- [What you have to do]
Pictures in the data should be dropped; transcribe exactly the lines from the one that has "michelin pilot road" through the one that has "Star Wars: Rebel".

- [Records to process]
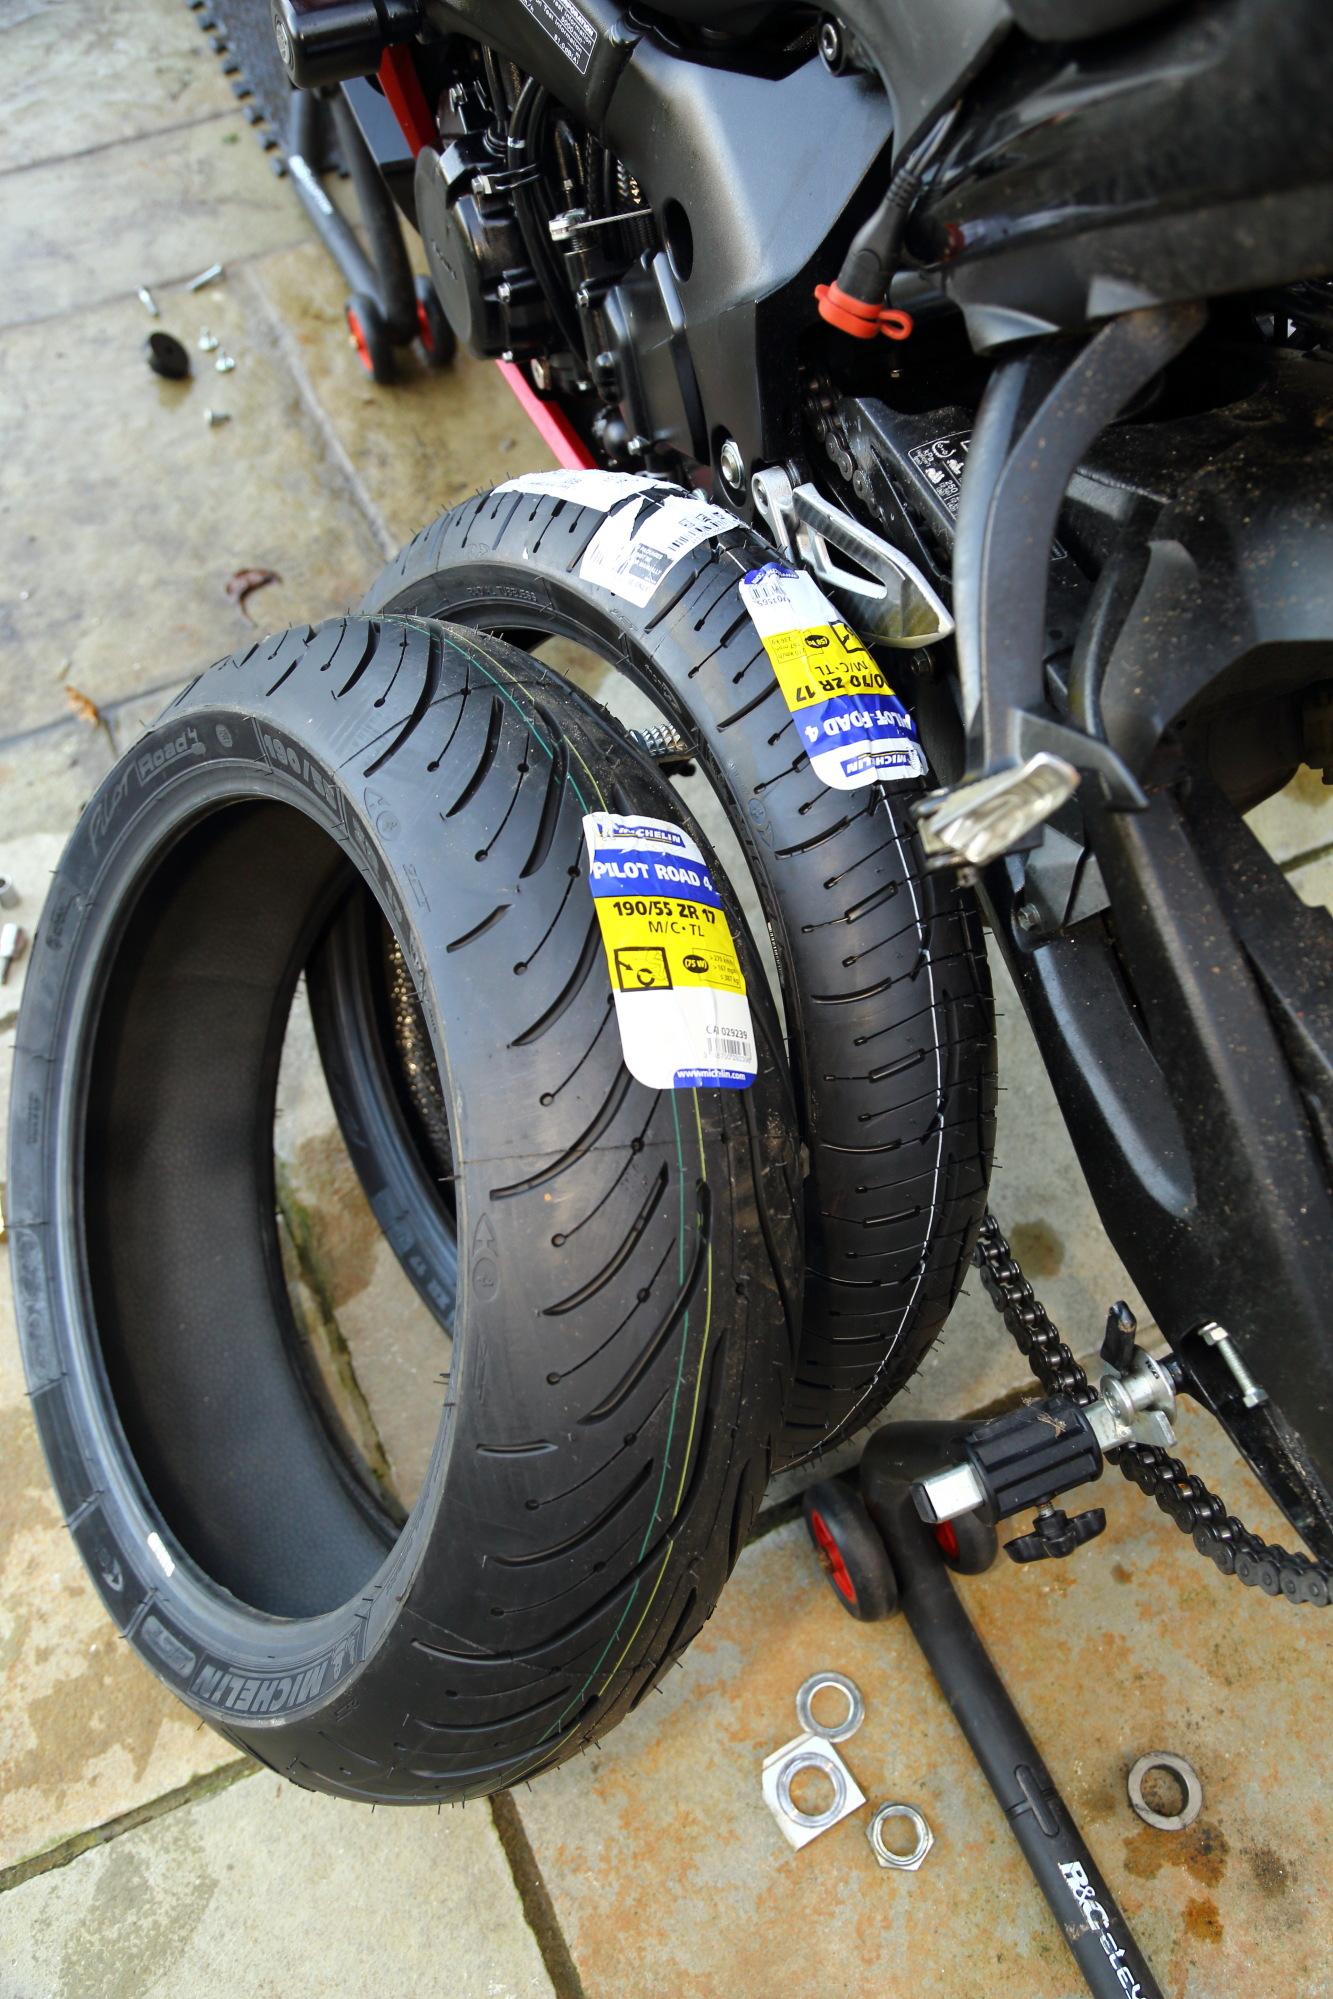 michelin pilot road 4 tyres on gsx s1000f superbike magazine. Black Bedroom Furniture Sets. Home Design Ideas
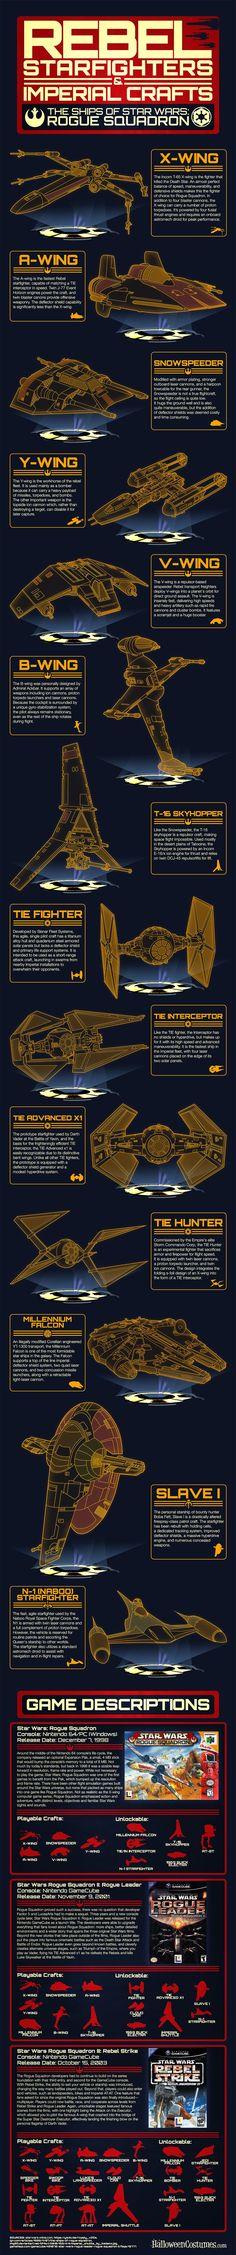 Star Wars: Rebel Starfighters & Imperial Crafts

---

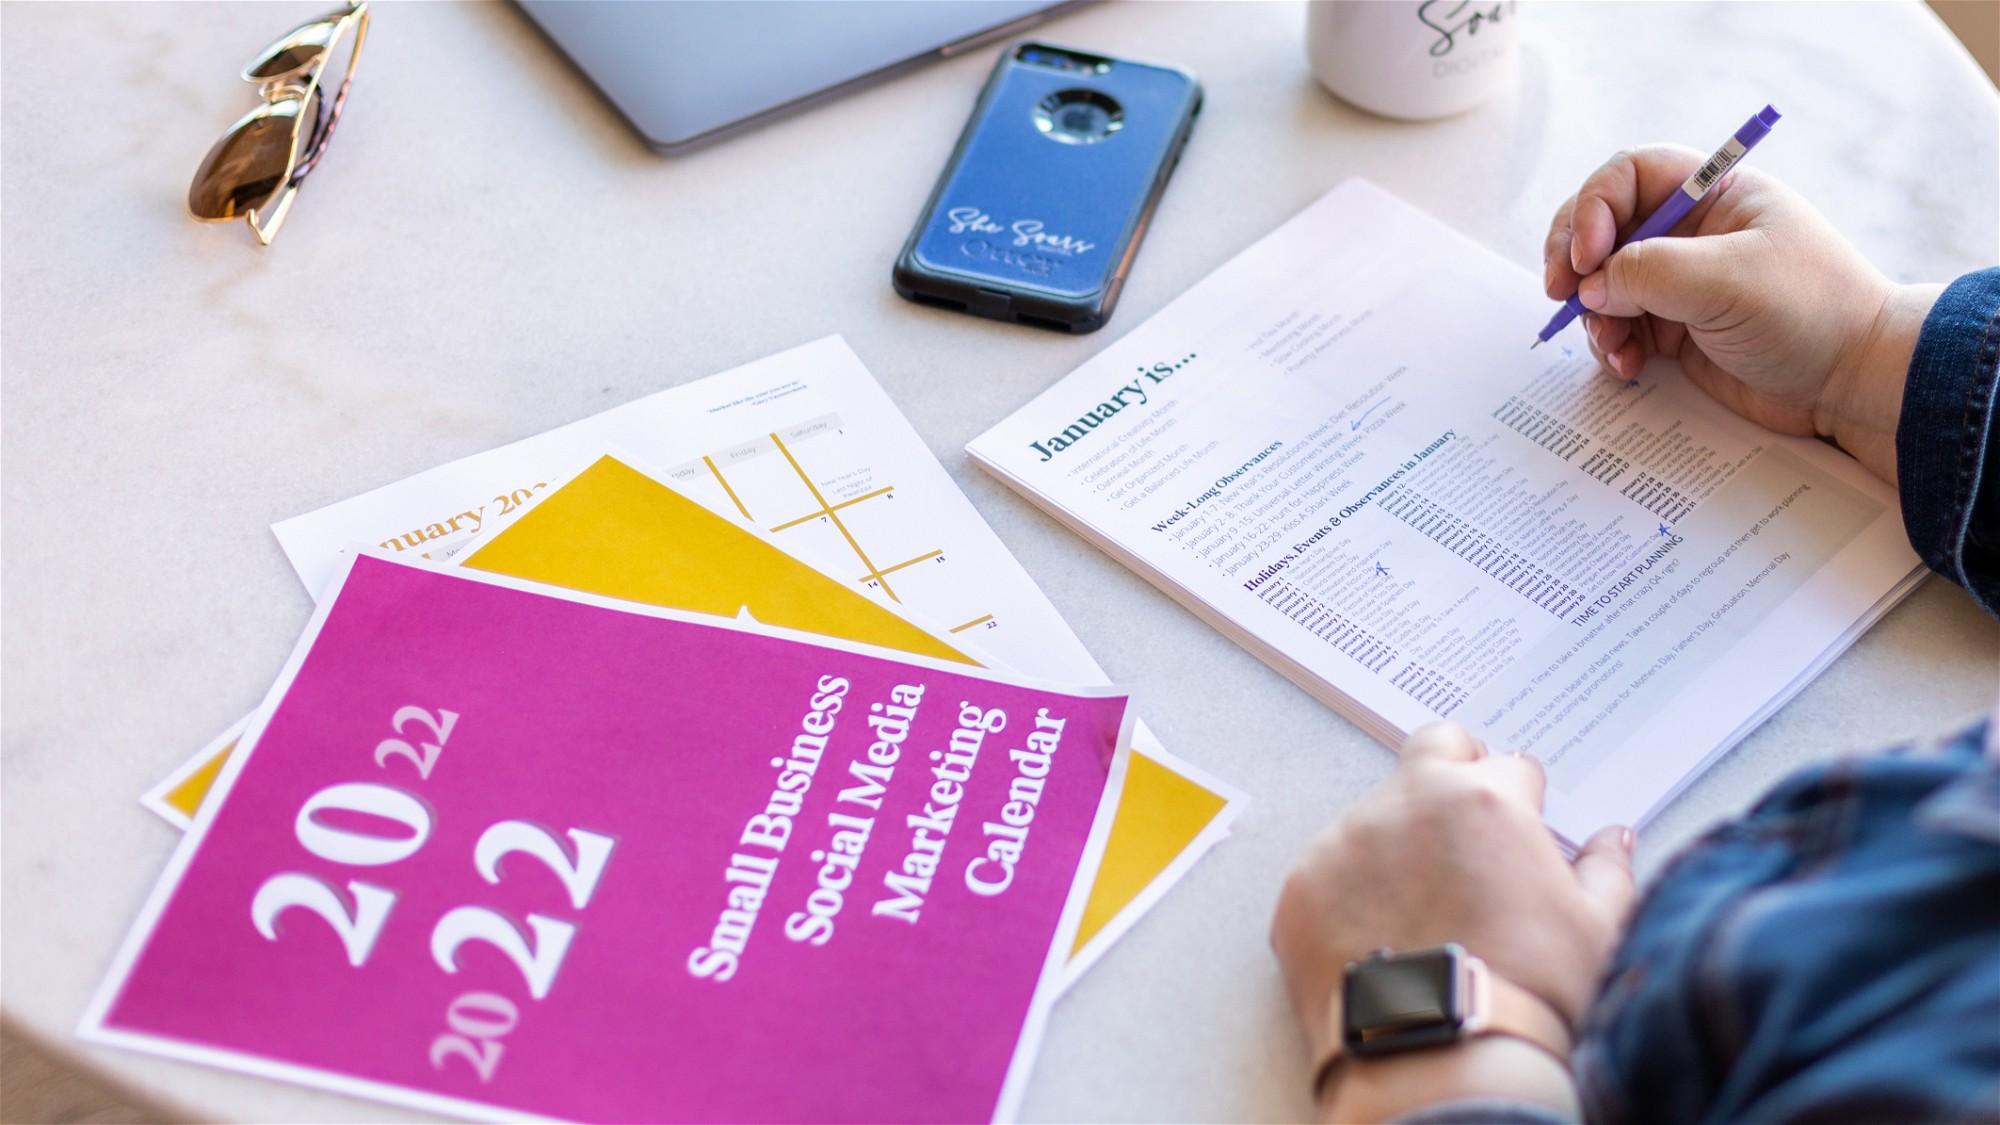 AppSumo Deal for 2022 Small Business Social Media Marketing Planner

==

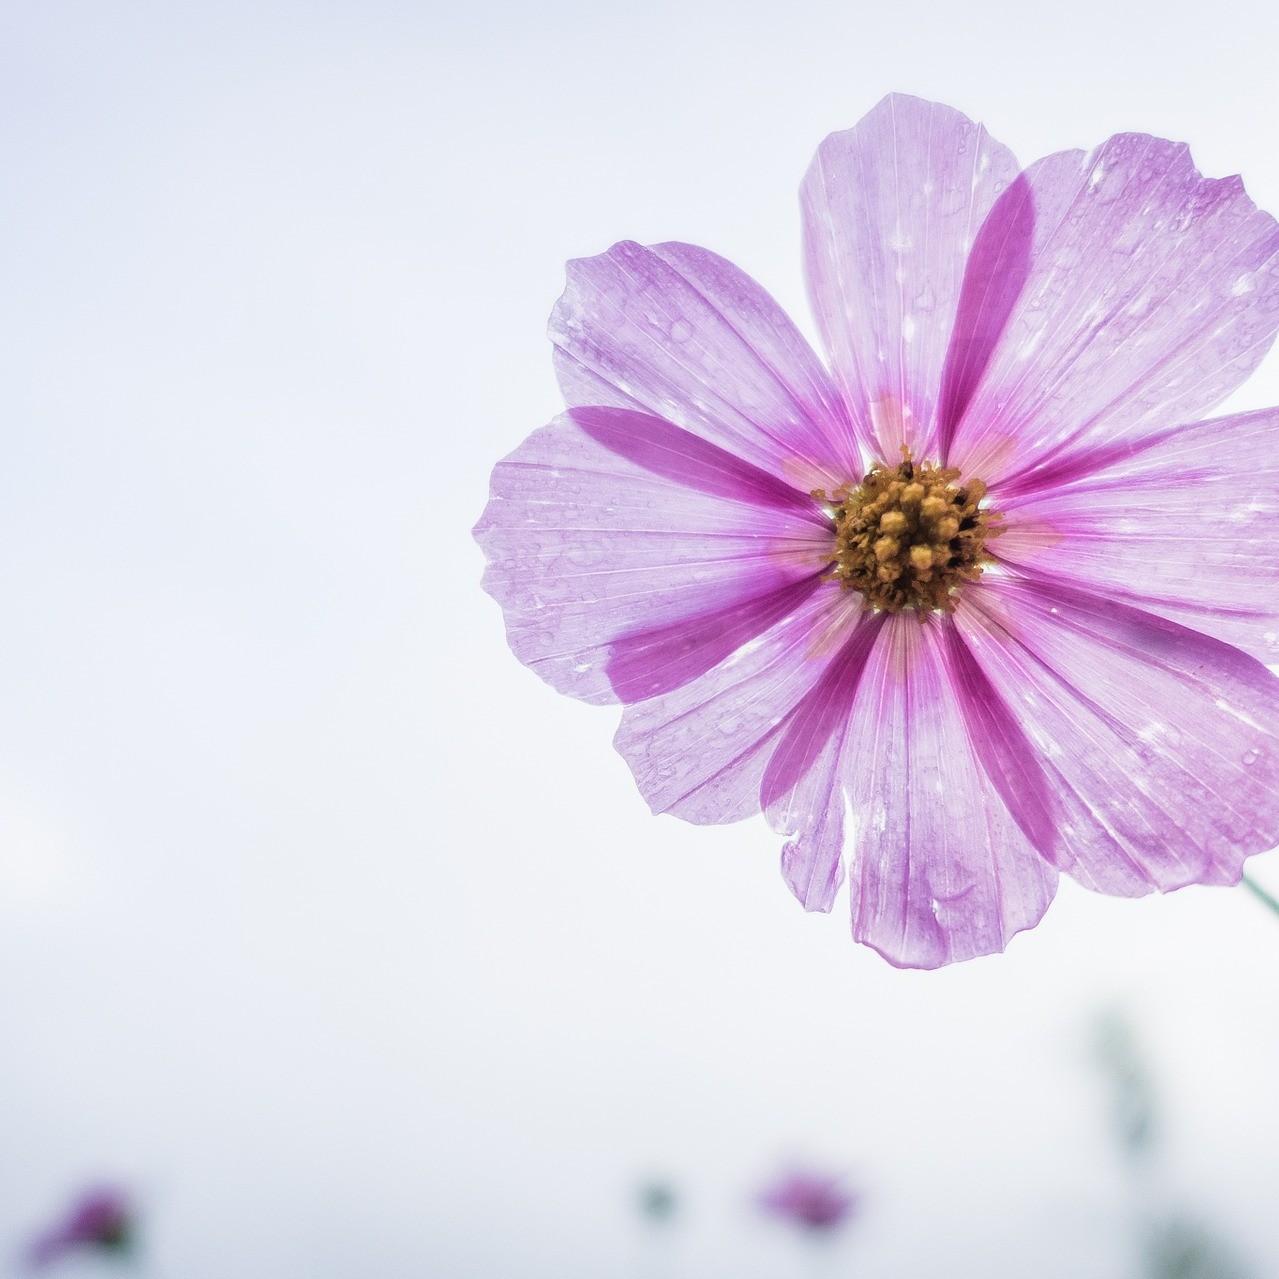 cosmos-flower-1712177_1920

- [Your response]
 michelin pilot road 4 tyres on gsx s1000f superbike magazine. Black Bedroom Furniture Sets. Home Design Ideas
 Star Wars: Rebel Starfighters & Imperial Crafts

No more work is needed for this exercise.